Edit: Enabled Loadable Module support in kernel, rebooted, re-ran make, etc, restarted CUPS, reinstalled printer, nogo.

----------

## CodAv

That's weird. I've either got my printer to work, or not, but I never had any blurry output.  Referring to your PN, I have no special kernel configuration. The only additional USE flags I added for CUPS were cups, foomaticdb and ppds. You should also have the flag usb, but this will probably already be the case.

Please check if the following packages are installed and configured:

- cups (core printing system)

- foomatic (driver repository)

- foo2zjs (foomatic to ZJScript translator)

- hotplug (to support hot plugging)

- coldplug (to support cold plugging)

- psutils (needed by CUPS to convert documents)

If you're not sure about one of those packages, try to re-emerge it, this solved my latest problem.

----------

## ixion

Thank you for your reply!

I've done as you suggested with the USE flags, and emerging the above packages, but still same issue, printing blurred. The printer prints fine in Windows. I added coldplug to the runlevel default, and it reports the firmware is already loaded on the printer.

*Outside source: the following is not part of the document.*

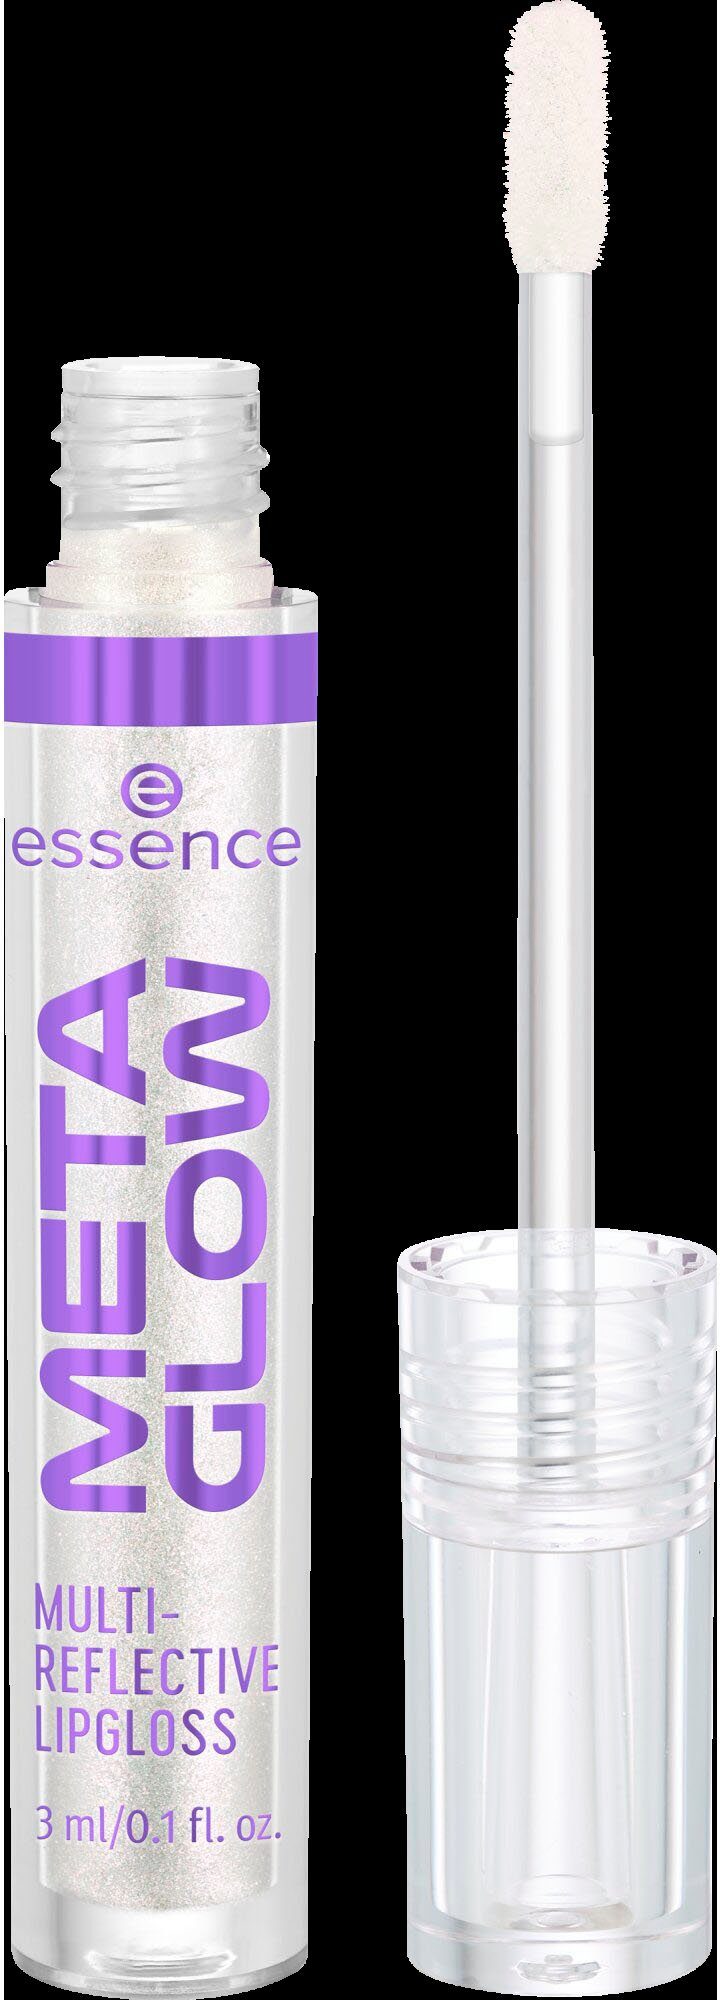 Essence Lipgloss META GLOW MULTI-REFLECTIVE als Alleine tragbar oder über perfekt Topper LIPGLOSS, Lieblingslippenstift deinem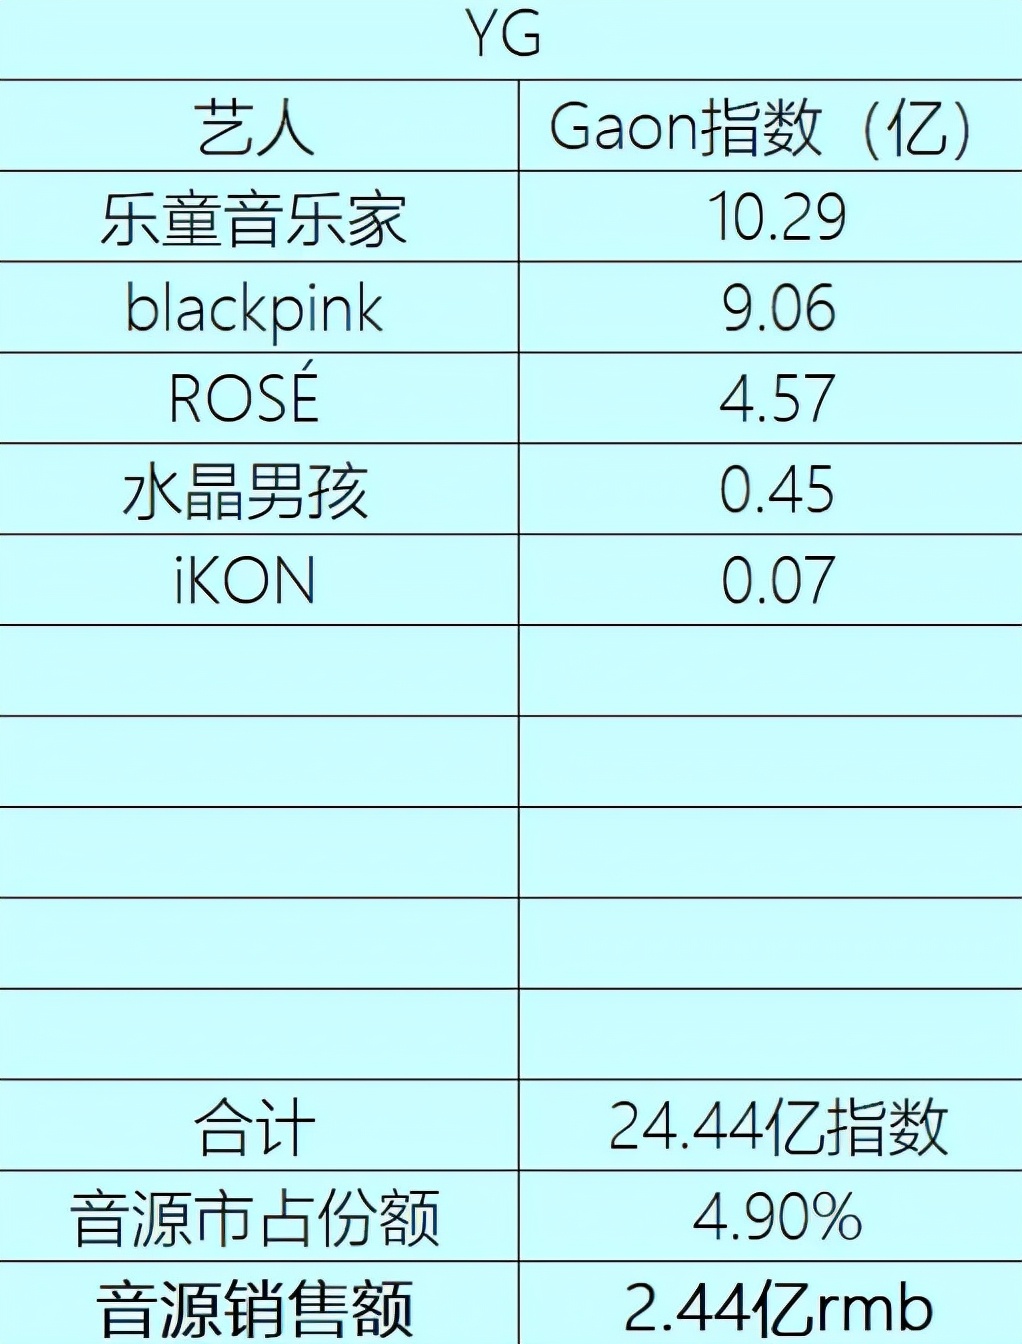 韩国音源销售额排行，IU一人抗天下，JYP和YG总数据不占优势

redoing 'make install && make install-hotplug' didn't solve this, either.

do you think that one of my already installed gimp-print, hpijs, foomatic-* packages might be conflicting?

edit: followed the below tutorial to no avail:

http://support.ideainformatica.com/hplj1020/

----------

## ixion

Just FYI, found this article:

http://support.ideainformatica.com/hplj1020/

 *Quote:*   

> 
> 
> DISTRIBUTIONS NOTES
> 
> NOTE: It seems that printing with a page format other that A4 causes the printer to print blur.
> ...

 

I switched to A4, and it seems to print well. It does lock up very easily and requires a reboot, though, but it's doable for now.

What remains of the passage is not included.